◆ **Records for this exercise**:
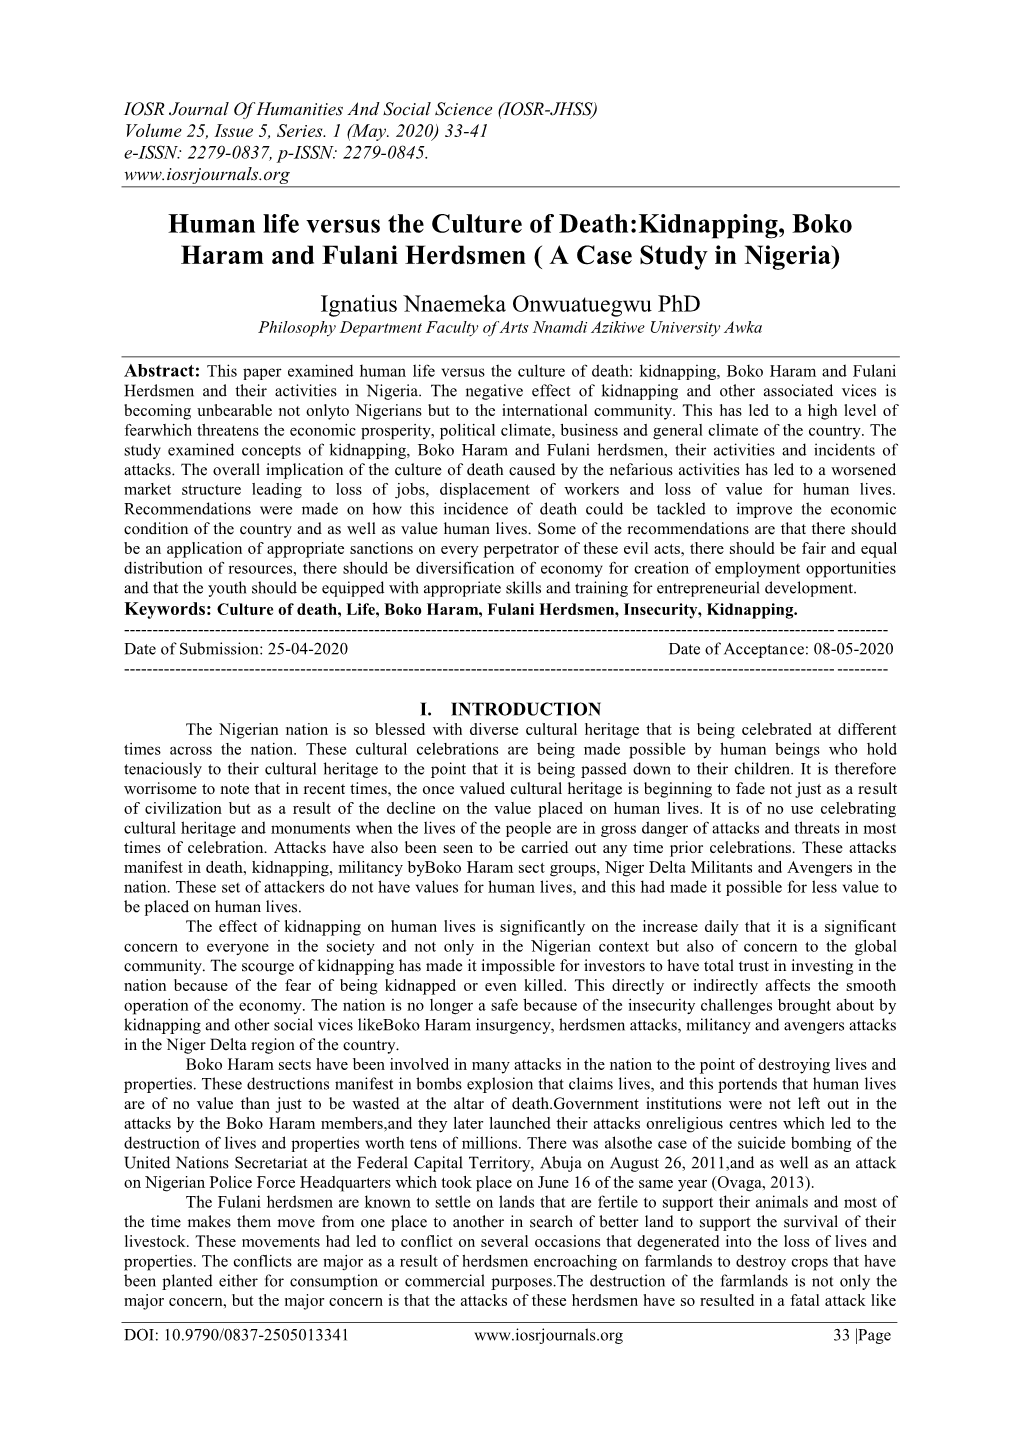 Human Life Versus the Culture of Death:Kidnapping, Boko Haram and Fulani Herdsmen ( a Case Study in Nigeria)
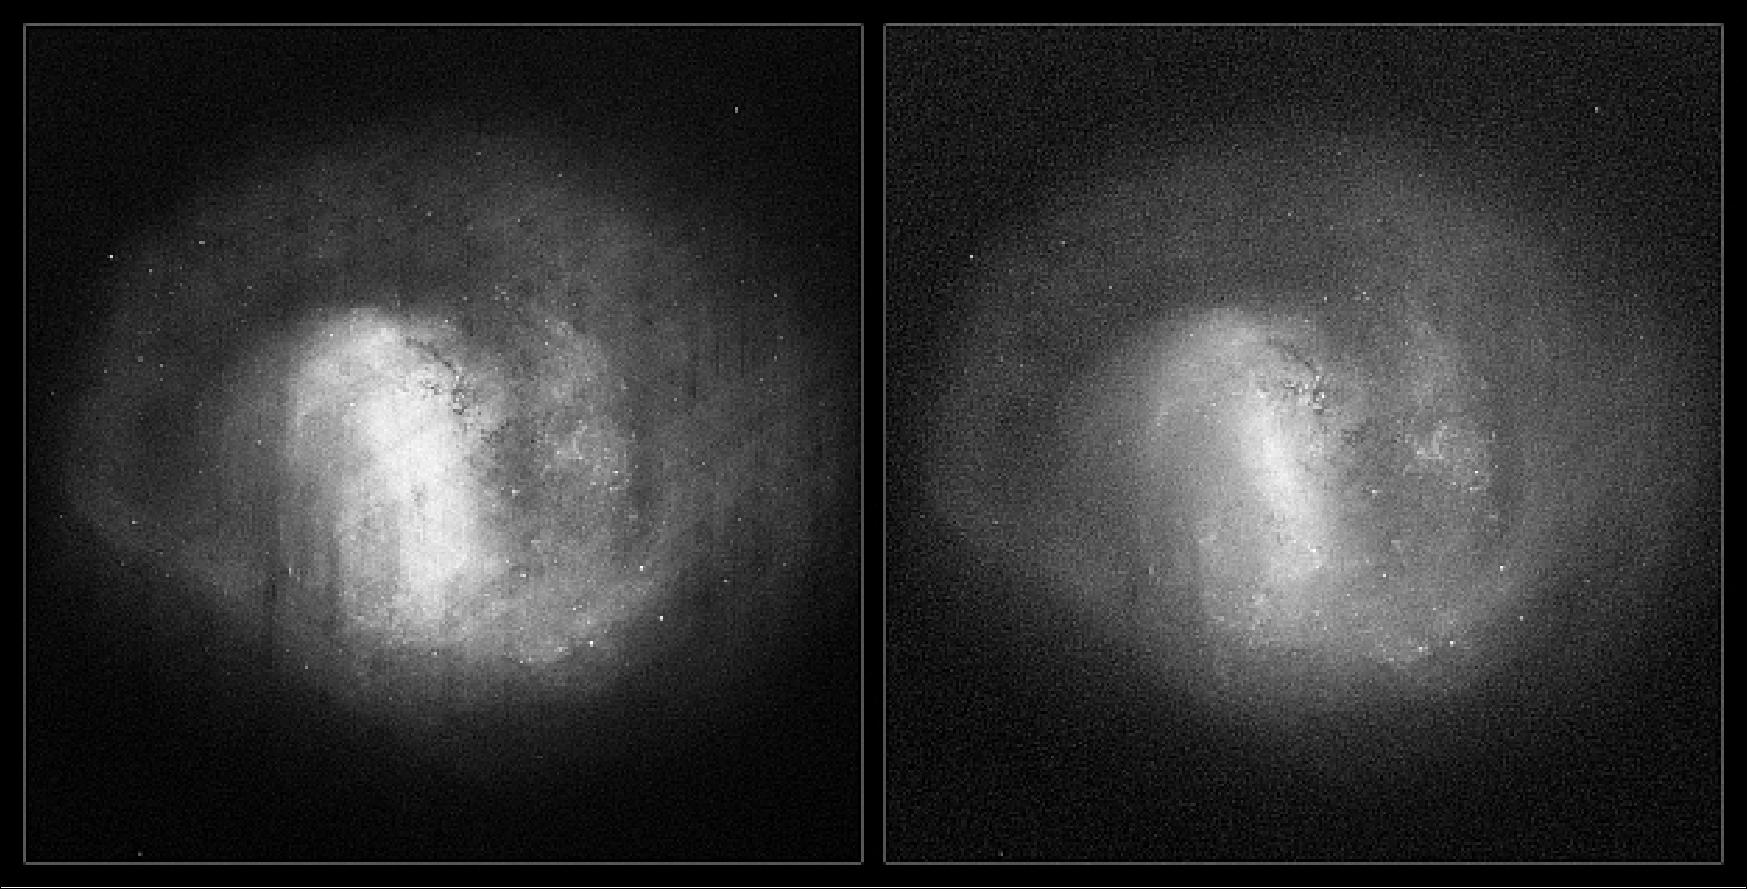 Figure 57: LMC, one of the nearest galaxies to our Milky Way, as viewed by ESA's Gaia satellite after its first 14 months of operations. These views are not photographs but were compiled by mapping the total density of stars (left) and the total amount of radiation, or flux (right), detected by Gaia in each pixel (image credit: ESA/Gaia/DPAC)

...

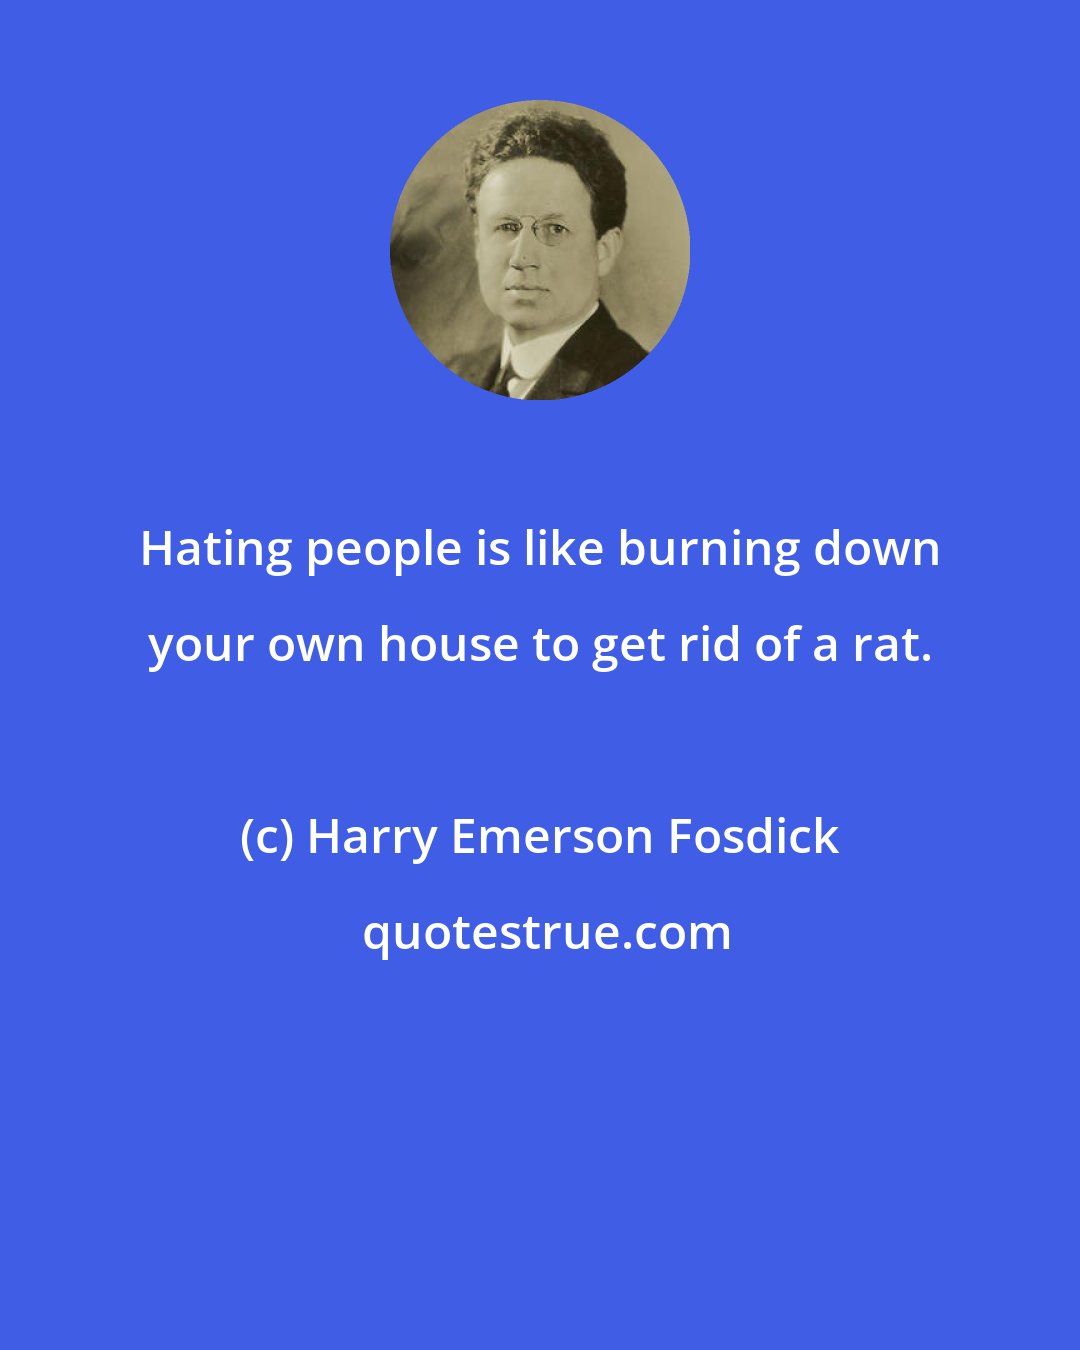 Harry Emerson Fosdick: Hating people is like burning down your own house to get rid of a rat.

◆ **Problem to solve**: Go to the line above that has "Human Life Versus" and copy exactly from there down to the line that has "Figure 57: LMC, one", both included. Leave the pictures out.

◆ **Answer below**:
 Human Life Versus the Culture of Death:Kidnapping, Boko Haram and Fulani Herdsmen ( a Case Study in Nigeria)
 Figure 57: LMC, one of the nearest galaxies to our Milky Way, as viewed by ESA's Gaia satellite after its first 14 months of operations. These views are not photographs but were compiled by mapping the total density of stars (left) and the total amount of radiation, or flux (right), detected by Gaia in each pixel (image credit: ESA/Gaia/DPAC)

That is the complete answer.